English former railway company

 Darlington Street Railroad operated a tramway service in Darlington, England, between 1862 and 1865.

==History==

It was the brainchild of George Francis Train, who had previously attempted to introduce horse tramway services in Birkenhead and London. The company was authorised to raise capital of up to £4,000 and they appointed a contractor for the line, Mr. Hathaway and the rails were manufactured by Barningham of the Albert Hill iron works. The line was laid between the market place and the Stockton and Darlington Railway station and the Workman’s Institute on the Durham Road. Trial tips were operated by the company on Thursday 26 December 1861 and it started public operation on 1 January 1862. There were two tram cars, the Nelson and the Wellington. The fare was 2d.

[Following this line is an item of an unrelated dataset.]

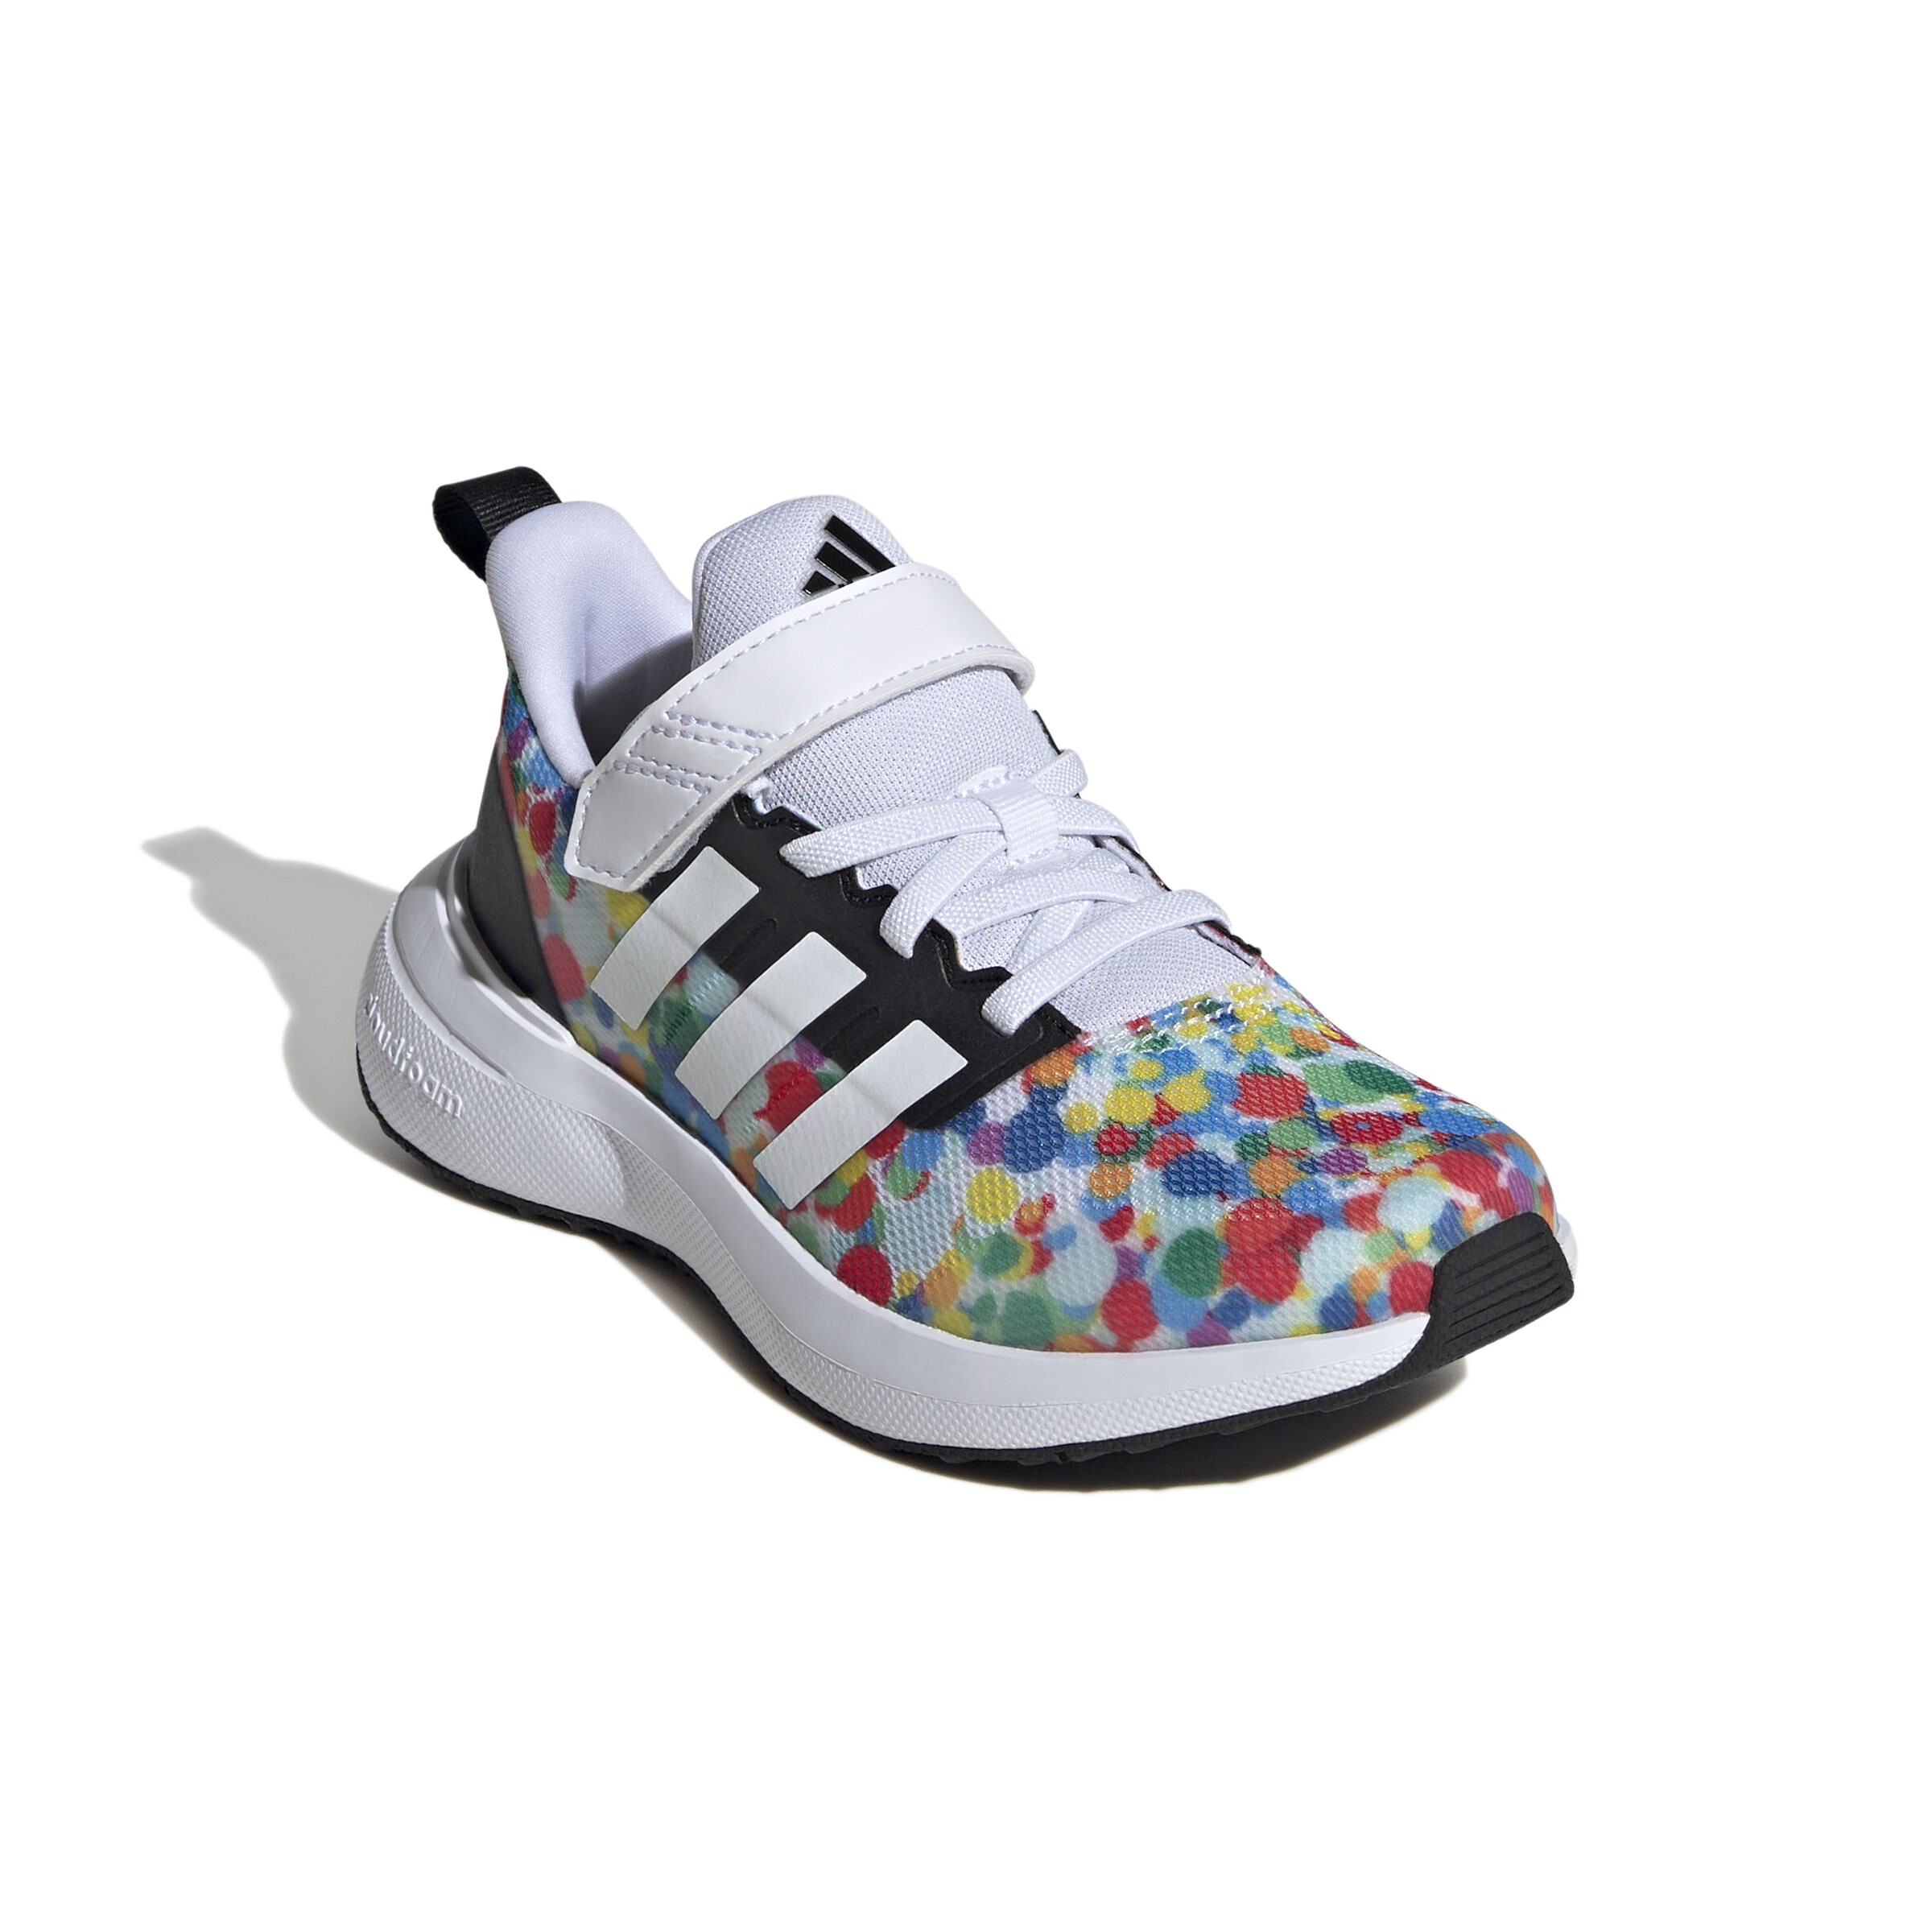 Incaltaminte Fete adidas Kids Adidas Kids Fortarun 20 Elastic Lace Sneakers (Little KidBig Kid) WhiteBlackGreen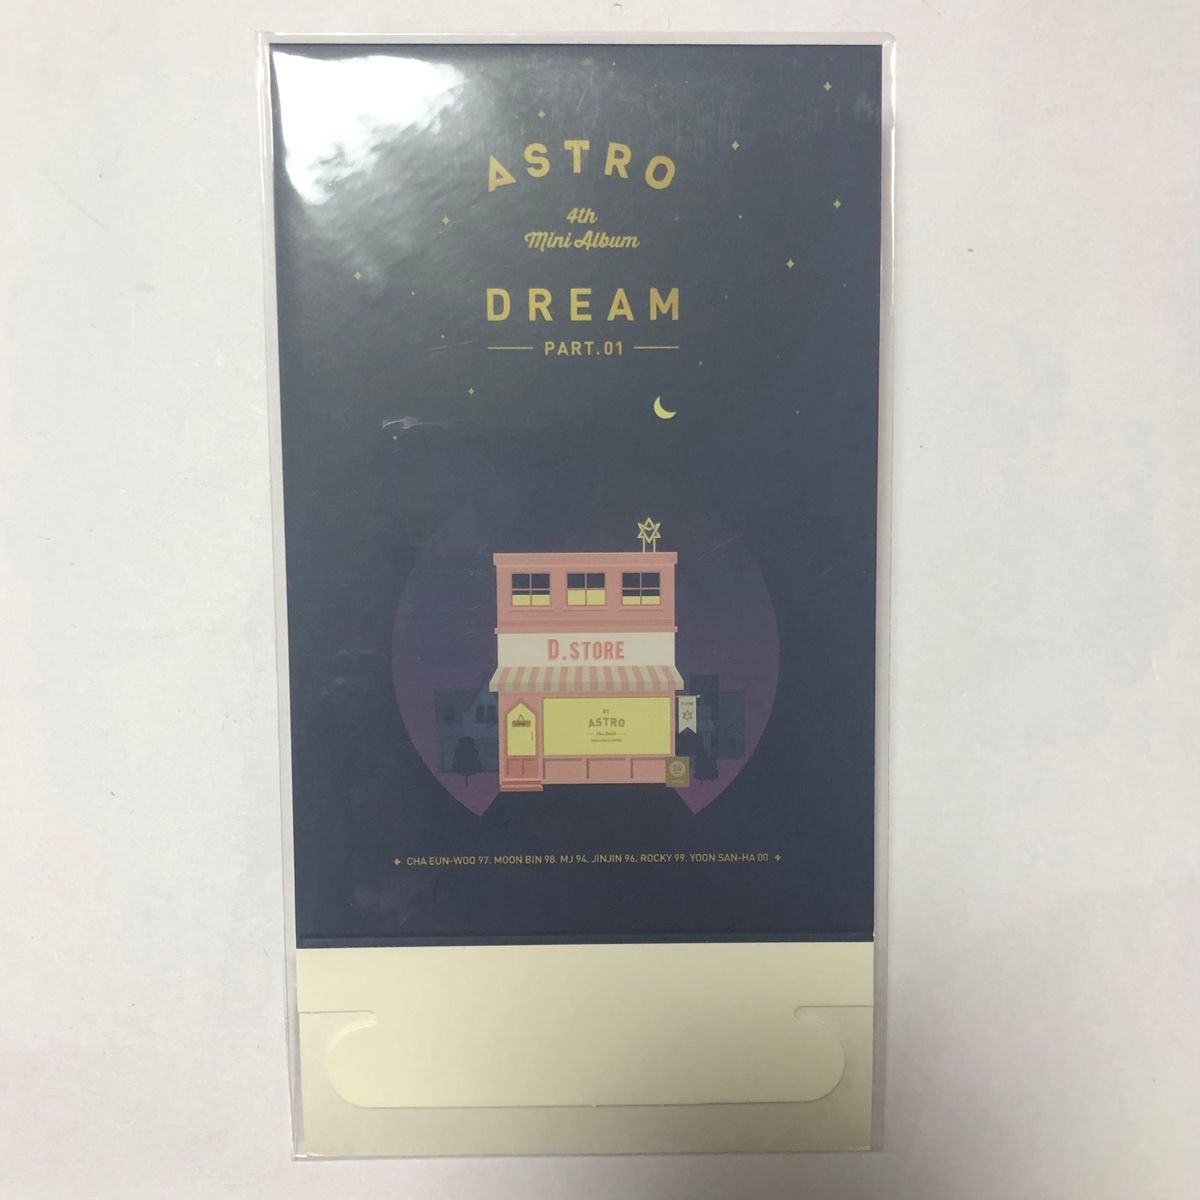 ASTRO アストロ DREAM PART.01 ラキ ROCKY ペーパースタンド paper stand 4th album

In November 1862 a load of coals was emptied onto the rails outside the Three Tuns and blocked the line for over four hours. One of the tramcar drivers drove through the coals but this derailed the tramcar. The landlord and his men shovelled the coals back onto the line again. It encountered a number of other major issues including forgery of the tokens needed to use the trams; cows and farmers obstructing the line, and a case which reached Durham Summer Assizes in July 1864 where Charles Miller claimed £50 compensation for the loss of his greyhound.

There was a dispute with the county surveyor over the raised rails on Northgate Bridge, which prevented proper drainage of rainwater. The company agreed in July 1862 to raise the level of the roadway of the bridge to the level of the rail.

At the annual meeting in February 1864 it was reported that the company had made a loss of £110, as against a loss of £77 the previous year. The company had spent £3,704 out of the original capital, but was not proving commercially viable.

==Closure==

The last day of operation was 1 January 1865. At the annual meeting of shareholders on 28 January 1865 it was revealed that the accounts showed a loss of £250 10s 10d to 31 December 1864 and the directors were authorised to take up the rails and timber and realise the value of the properties of the company. The rails were removed in February, the company was officially declared bankrupt in November, and wound up in December.